It is the desire of every married Christian to go deeper with God while walking hand-in-hand with their spouse. Kate’s post, “Grow Together Spiritually” gave some great suggestions on how couples can challenge themselves to walk with God, together.
For many Christians the thought of doing a Bible study with their spouse is closer to a dream then a reality. When one person in the marriage has a deeper relationship with Christ then the other, or when one is a believer and the other is not, growing together spiritually can feel out of reach.
Is it impossible for these uneven couples to develop spiritual intimacy?
What, if anything can one spouse do to encourage the other in their own personal spiritual walk?
These questions do not have easy answers, but they are at the heart of every husband or wife who is in this midst of this challenging situation.
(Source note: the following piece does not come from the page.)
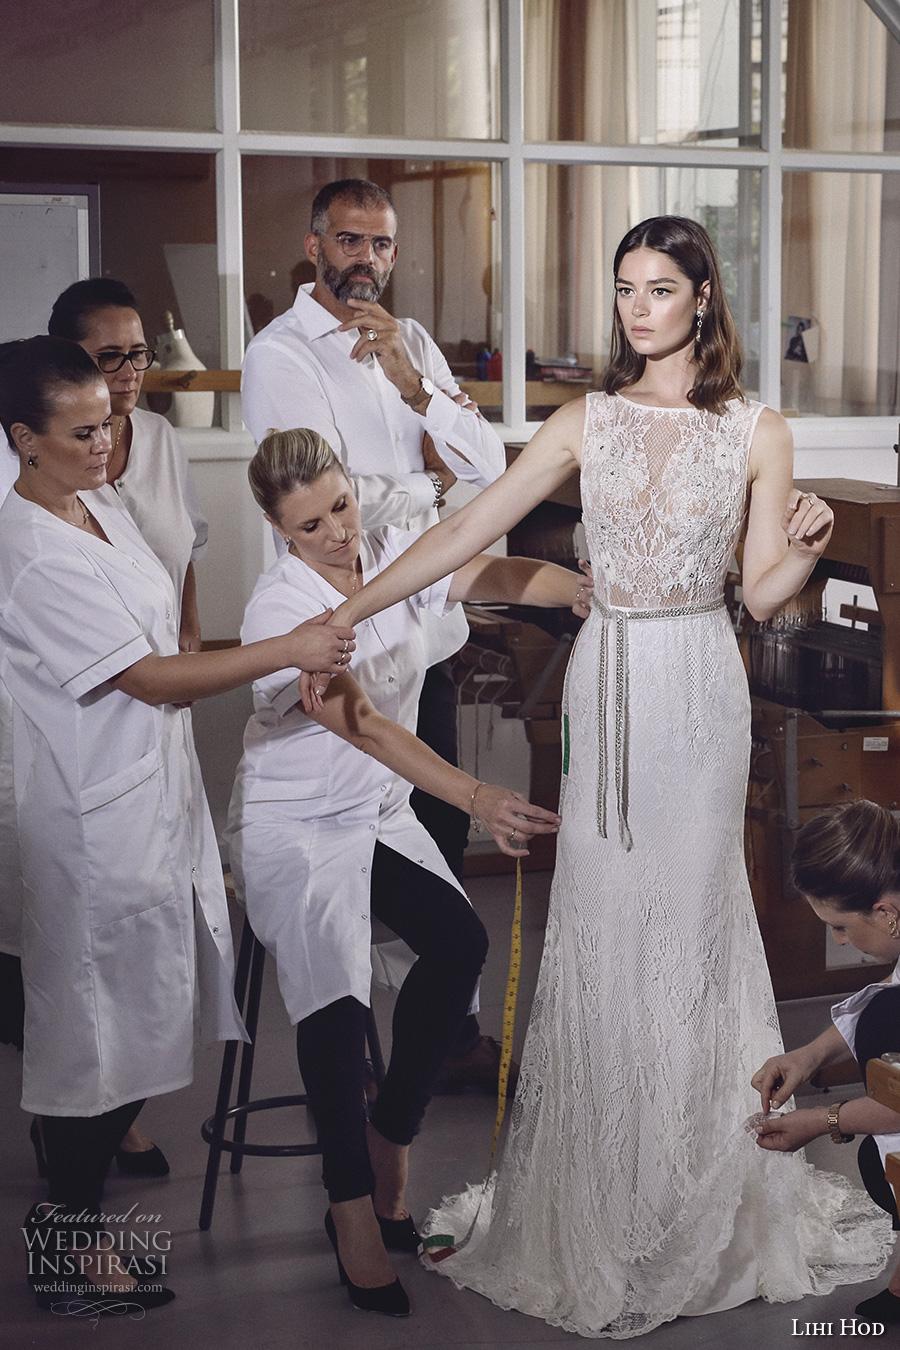 Dhgate Wedding Dress 67 Cool lihi hod bridal sleeveless

Here are a few suggestions to help.
I know you are desperate for your spouse to find God. Your soul aches for them, and you feel the hole that this disparity creates in your marriage. This is not the first time that you have tried to get them to change. That is exactly why you need to take a step back.
Evaluate what methods you have been using to reach your spouse. Are you discipling or begging? Guiding or pushing? If your methods aren’t working stop, take a step back, and pray for some insight and new ideas.
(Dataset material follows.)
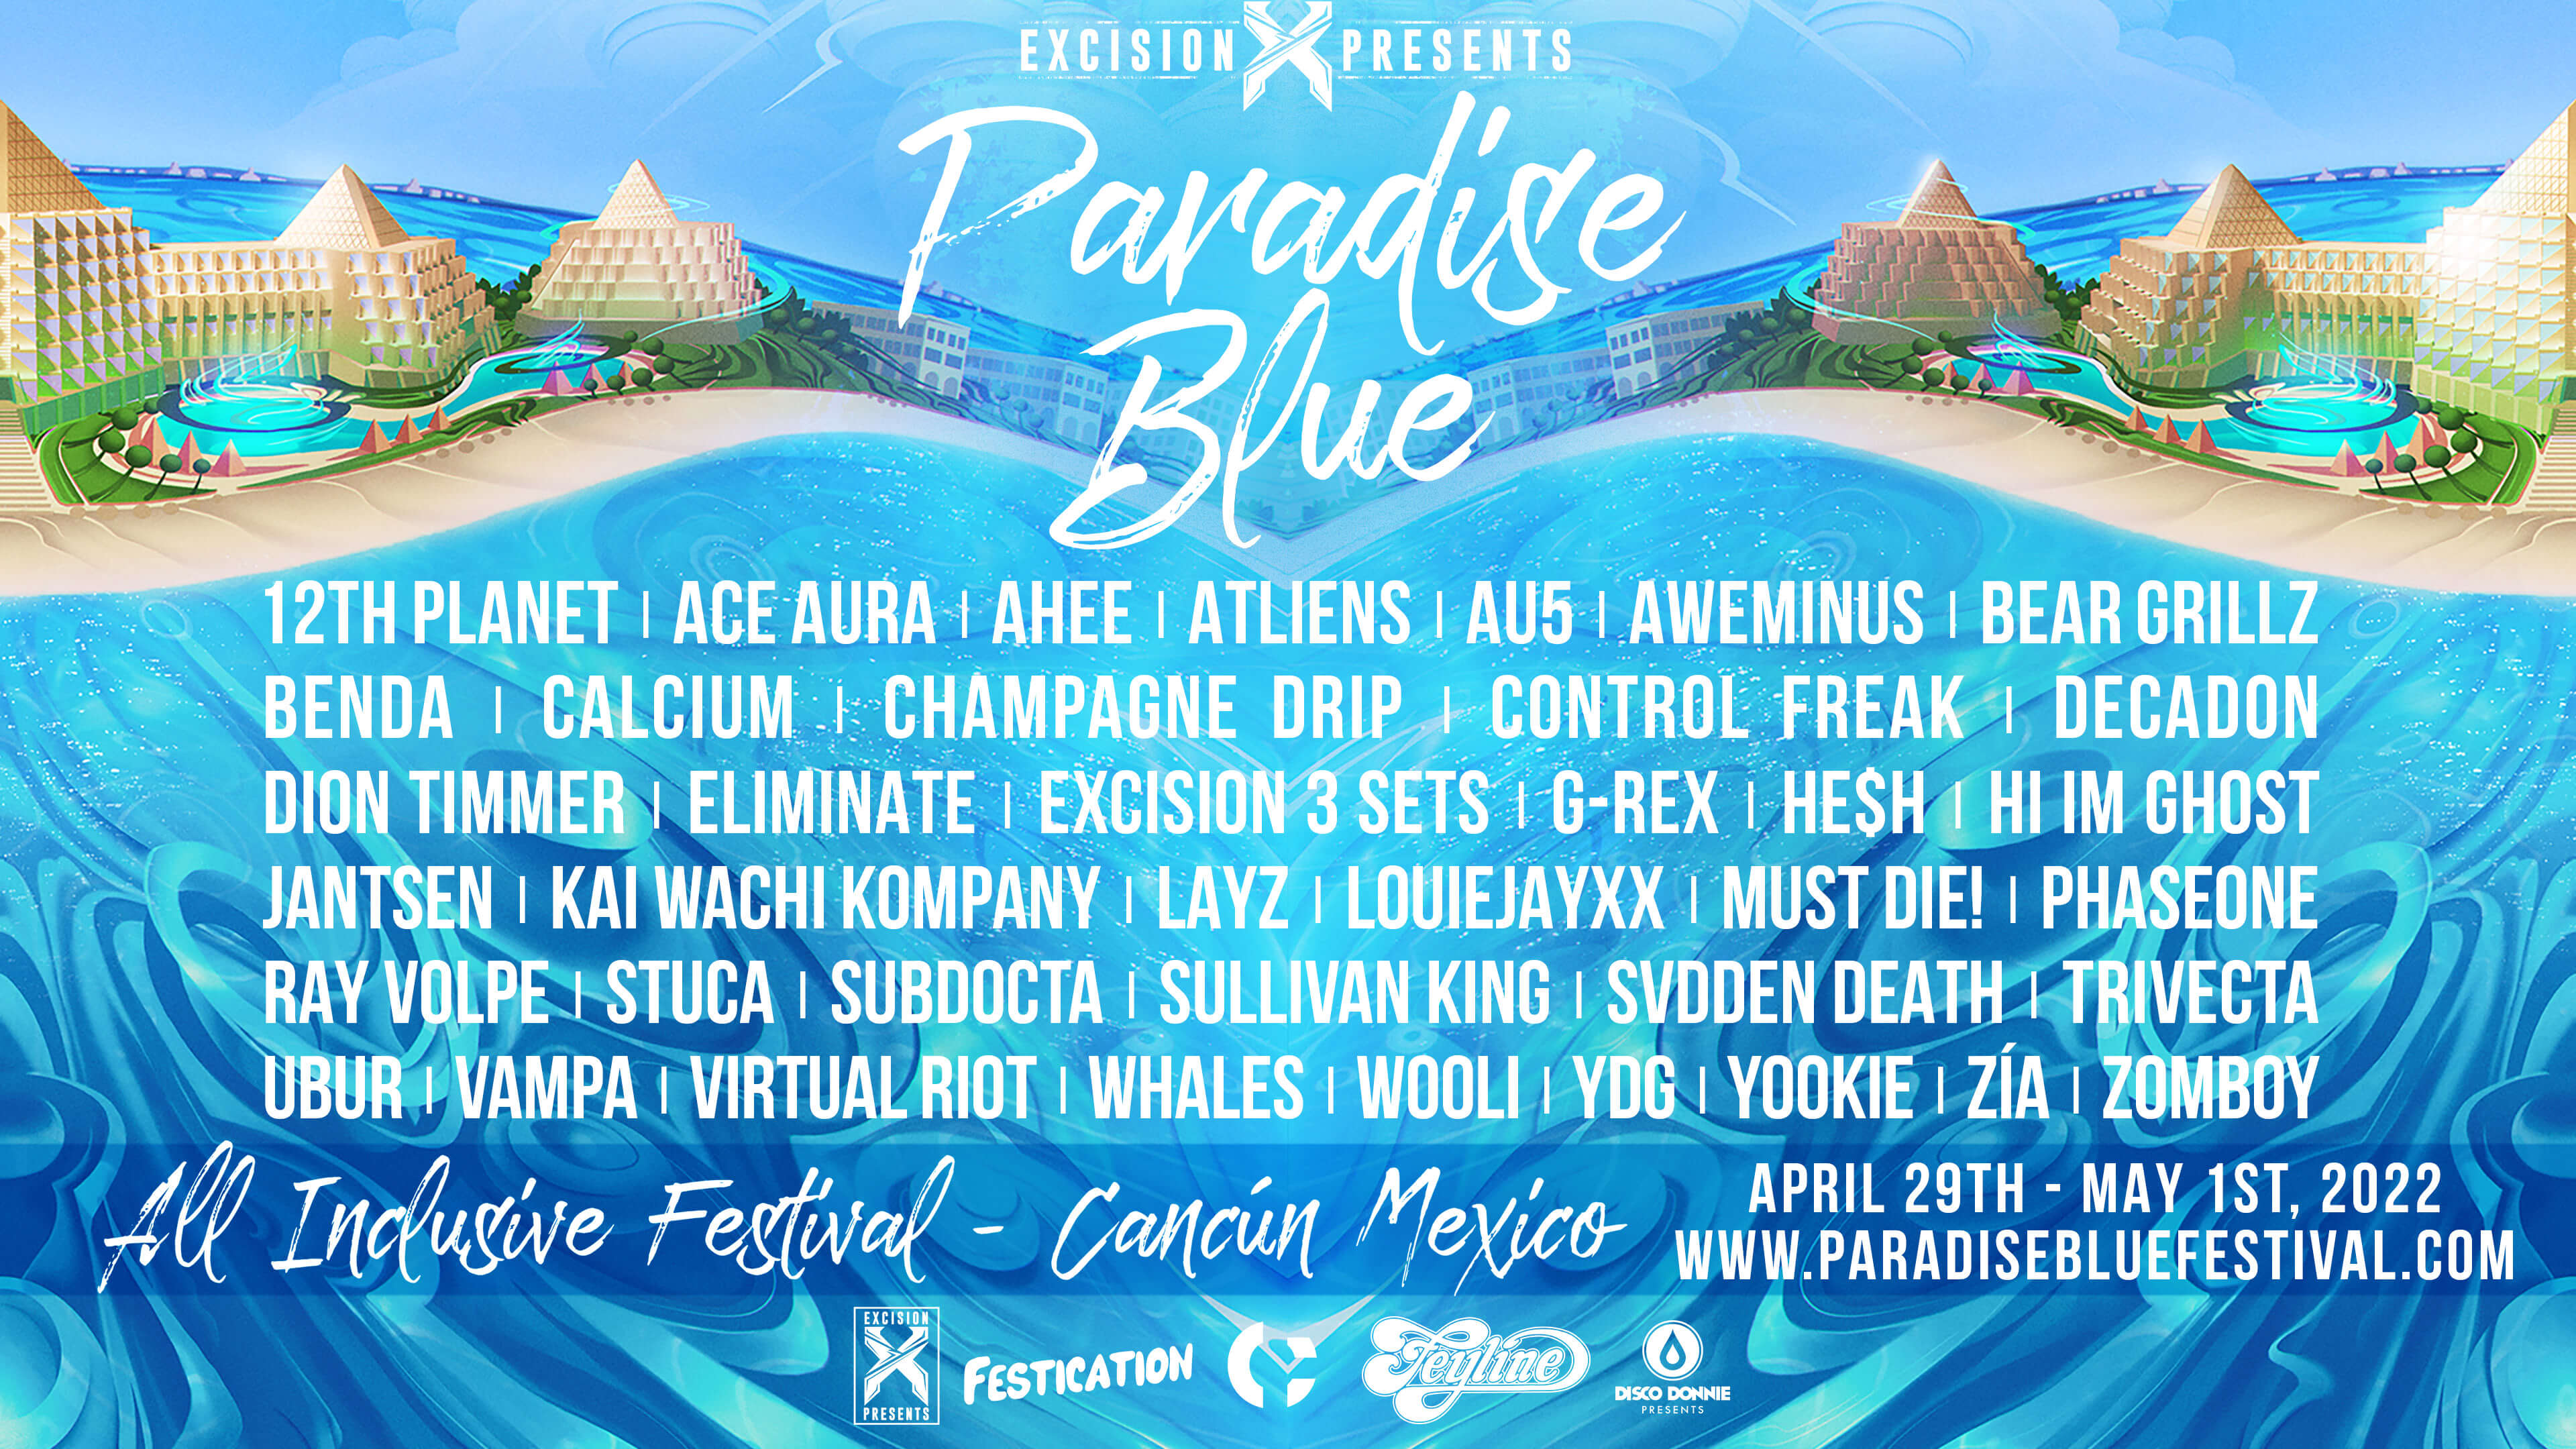 Paradise Blue Festival

You might need to stop asking them to go to church. You might need to stop begging them to read their Bible. You might need to stop asking them to change.
If you wanted to share your faith with a friend what methods would you use? Usually, it would be open conversations, and questions followed with a no pressure invitation to church, a small group or maybe Alpha.
Are you doing the same with your spouse? All too often in close relationships we start to use guilt, manipulation, pressure and “Bible Banging” to get our point across. The desperation we feel turns us from no pressure invitations to pressured demanding.
Change or Relationship
When you talk to your spouse about faith is it because you want them to change their behaviors or because you want them to have a deeper relationship with God? You know what the “right” answer to that question is, but is that what they are hearing?
It is only natural to desire to see changes in your spouse. Yet, it might be the thought of those “required” changes that keeps your spouse from a deeper relationship with God.
Non-Christians often see “thou shalt not’s” as requirements for membership. They don’t know that it is only out of an amazing relationship that our hearts desire to make those changes. Make sure you are encouraging relationship not pushing rules.
Matthew 5:13 challenges believers to be salt and light to the world. That is much more difficult when “the world” is your husband or wife. If you are the only “Jesus” your spouse is going to see you had better think about how you are representing him.
Dive into Scripture and figure out how God is challenging you to be a wife or a husband. If it is your husband you are trying to reach, think about how to show him what being Godly wife is all about. If it is your wife that you want to bring to a deeper faith, figure out how God wants you to be a better Godly husband.
Don’t fall into the trap of saying, “They aren’t living up to their responsibilities so I don’t have to either.” It says, “Love your wife as Christ loved the church” there is no asterix saying “*Only if she is doing her part too”.
Are you in this situation where your spouse doesn’t believe, or isn’t active in their faith? How can we pray for you?
If you were that spouse at one time, what did your wife, or husband do that helped you to eventually find a deeper relationship with Christ?